Wednesday, April 16, 2014

Chinatown

I guess what you eventually have to come to terms with is the fact that Jesus believed in God, a very specific God as a matter of fact, the God of Abraham, Isaac and Jacob, the God he called Father.  Scripture offers very little evidence that Jesus thought he was that God.  In fact, the synoptic Gospels don't ever seem to deal with that question.  But John starts his Gospel with the bold statement that, "The Word became flesh and dwelt among us," and "the Word was with God and the Word was God."
This is where things get difficult and confusing, this is where the theologians start to get a reputation for endless and intractable arguing that seems to do nothing and go nowhere, this is the Chinatown of faith.
In the movie Chinatown, Jack Nicholson plays a private detective who used to work for the LAPD.  When he was with the police, one of his beats was the Asian immigrant section of the city.  In that era, as I suppose it still is to some extent, the immigrant community was insular and downright mystifying to westerners.  Crimes took on such a different character that the detectives that worked the Chinatown beat had a way of brushing off things that just didn't make sense or that challenged their assumptions a little too much: "It's Chinatown."  That's all you needed to say when things got a little too convoluted, it was an explanation without actually explaining.
The "Chinatown" of Christian faith is this thing called the Trinity, or the Triune nature of God: Father, Son and Holy Spirit (or if you prefer: Creator, Redeemer, Sustainer).  Internally we have the Nicene Creed and some really wonderful explanations of how and why we believe, including the poetic explanation of John Donne: "Bones to reason but milk to faith."  Trinitarian faith allows us to be internally consistent, and affirm quite a few things about the nature of the relationship between God the Creator and Jesus of Nazareth.  These affirmations are crucial to Christian understanding of our own relationship with God.

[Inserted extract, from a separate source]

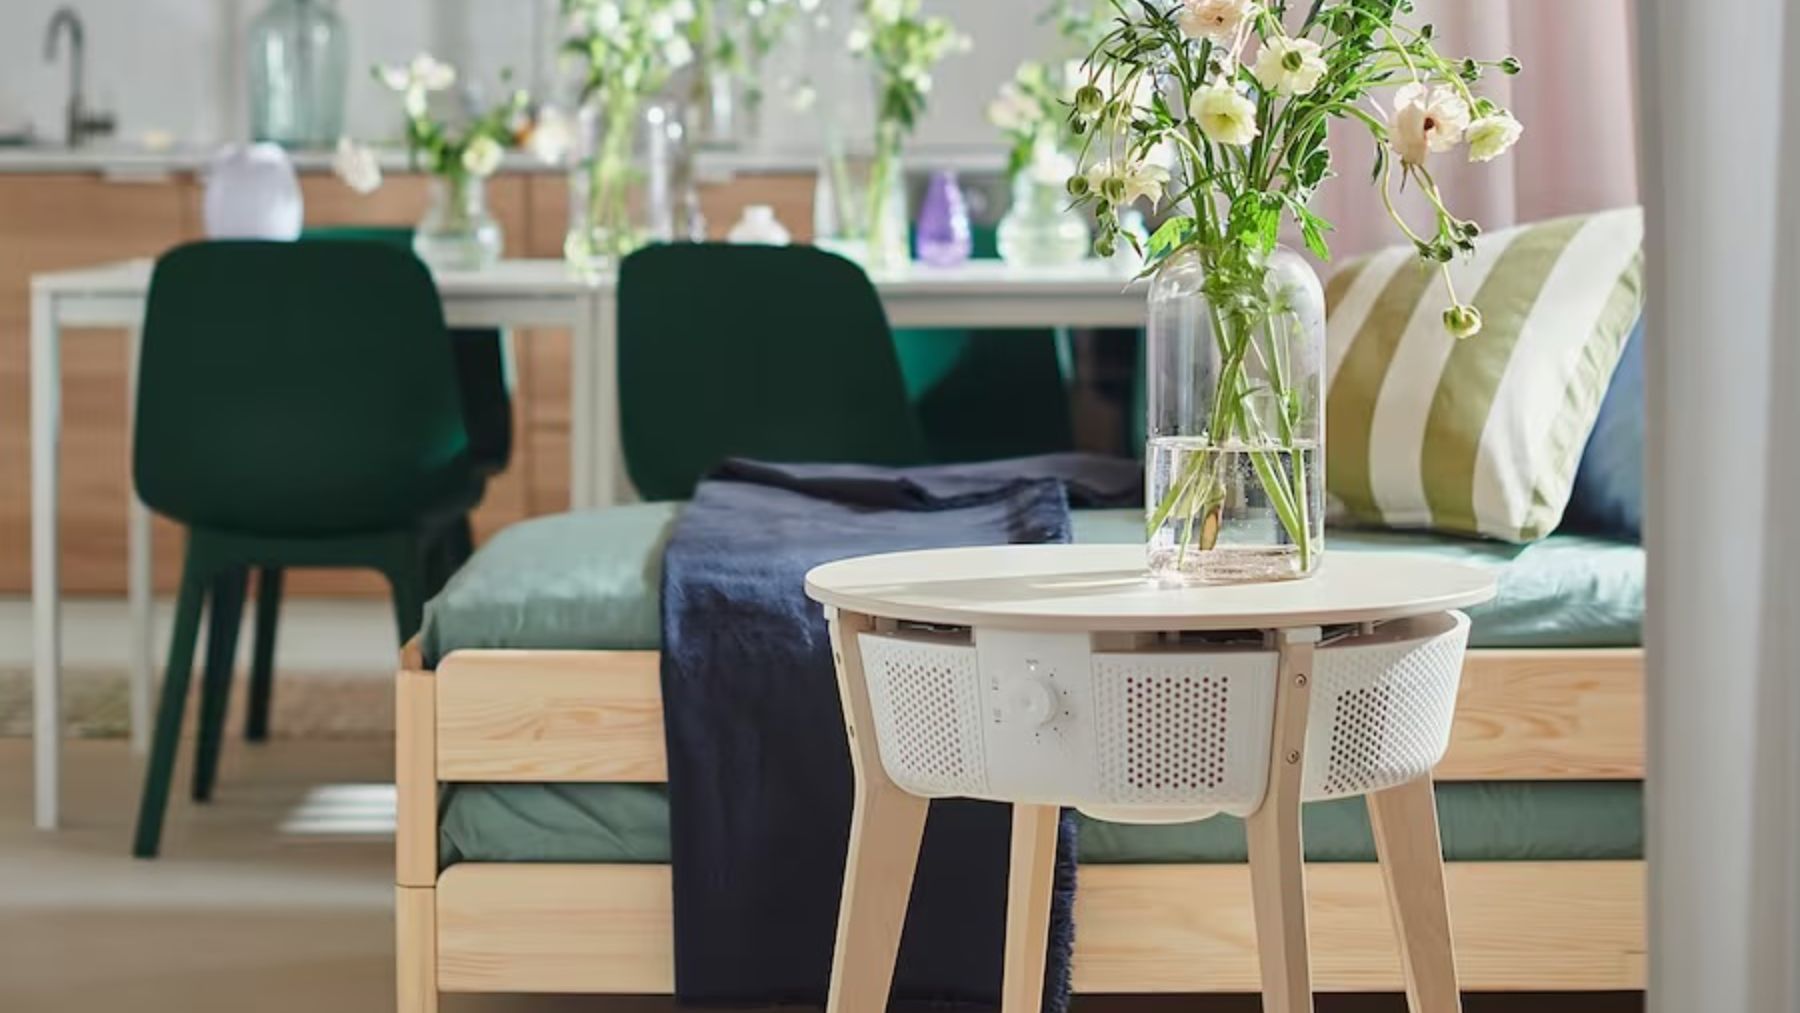 Ikea triunfa con la mesa que purifica el aire

When we read, study and say the Nicene Creed, we are getting in touch with an historical debate of enormous scope and importance, but it's a debate that to critics on the outside often looks like a bunch of political squabbles between bishops about who is going to run the show.  There are all sorts of conspiracy theories and various forms of religio-historic quackery that surround the fourth century debates that defined and continue to define Christian orthodoxy.
The Trinity, and springing from that the equally head spinning debate over the human/divine nature of Jesus.  Another scene from Chinatown, (spoiler alert, although is that really necessary for a movie that has been around so long?) the character played by Faye Dunaway has been at the center of a lot of the action, as well as being romantically involved with Nicholson's character, and things have come to a head.  He's grilling her about the identity of the young girl who is also mixed up in the whole thing: "Is she your sister or your daughter?"  Dunaway's character has been sexually abused by her father and so the answer is that both things are true, she is both sister and daughter, but that answer doesn't make sense, it's just a little too strange to be true, it's Chinatown all over again.
Jesus is both human and divine, and it's rather important that we don't do violence to one identity in the name of the other.  Paul Tillich described this as walking a narrow ridge between two chasms, holding in tension the full reality of both identities.
The problem is, in an age of relativist thinking, the two chasms don't seem so very foreboding, they sort of seem like nice little lakes where people are playing and having fun, while orthodoxy is uncomfortably balancing in that awful tension.  On the one side you have the divine camp, where Jesus is just "God in a man suit."  This was and is the hallmark perspective of Gnostics of many varieties.  It just makes no sense that God would or could actually become a genuine human being, so the whole Jesus thing must have been like God just checking us out see what we would do.  On this side you get lots of people who masquerade as Christians, and they will passionately defend their belief in a persistently all powerful, omnipotent God, who could never ever really limit himself so much that he would actually die on a cross.  The only thing to do with this sort of god is to hold on and try not tick him off too much, because eventually humanity is just going to push him too far and boom: apocalypse... you know, because god only has so much patience. On the other side you have all those folks who like the purely human Jesus well enough, but because he's just a guy, we really don't need to actually do anything about our admiration of him, you know, why worship?  Why live out a cruciform existence? Why mess around with all that tension and balancing? Why not just leave Chinatown altogether? It's never going to make sense and it's just going to bum you out.
Maybe this debate really only matters to the ones who choose to live on that ridge and hold those lines, but if it matters then in matters a whole awful lot.
As I stated Monday, on my good days I could follow a Jeffersonian Jesus, no problems.  The days when I need the Jesus of Athanasius, Anselm and Augustine, are the days when the cross looms large, as it does on this Wednesday.  We're getting closer to the betrayal and the denial and the brutality.  The days when suffering dominates the landscape and blackens the sky are the days when I need a Jesus who is both a man in full and fully God.  Funny thing is, on those days, in my experience, I don't need an explanation, I need a presence.  When the only answer is "It's Chinatown," that's when I really need Jesus, fully human and fully divine.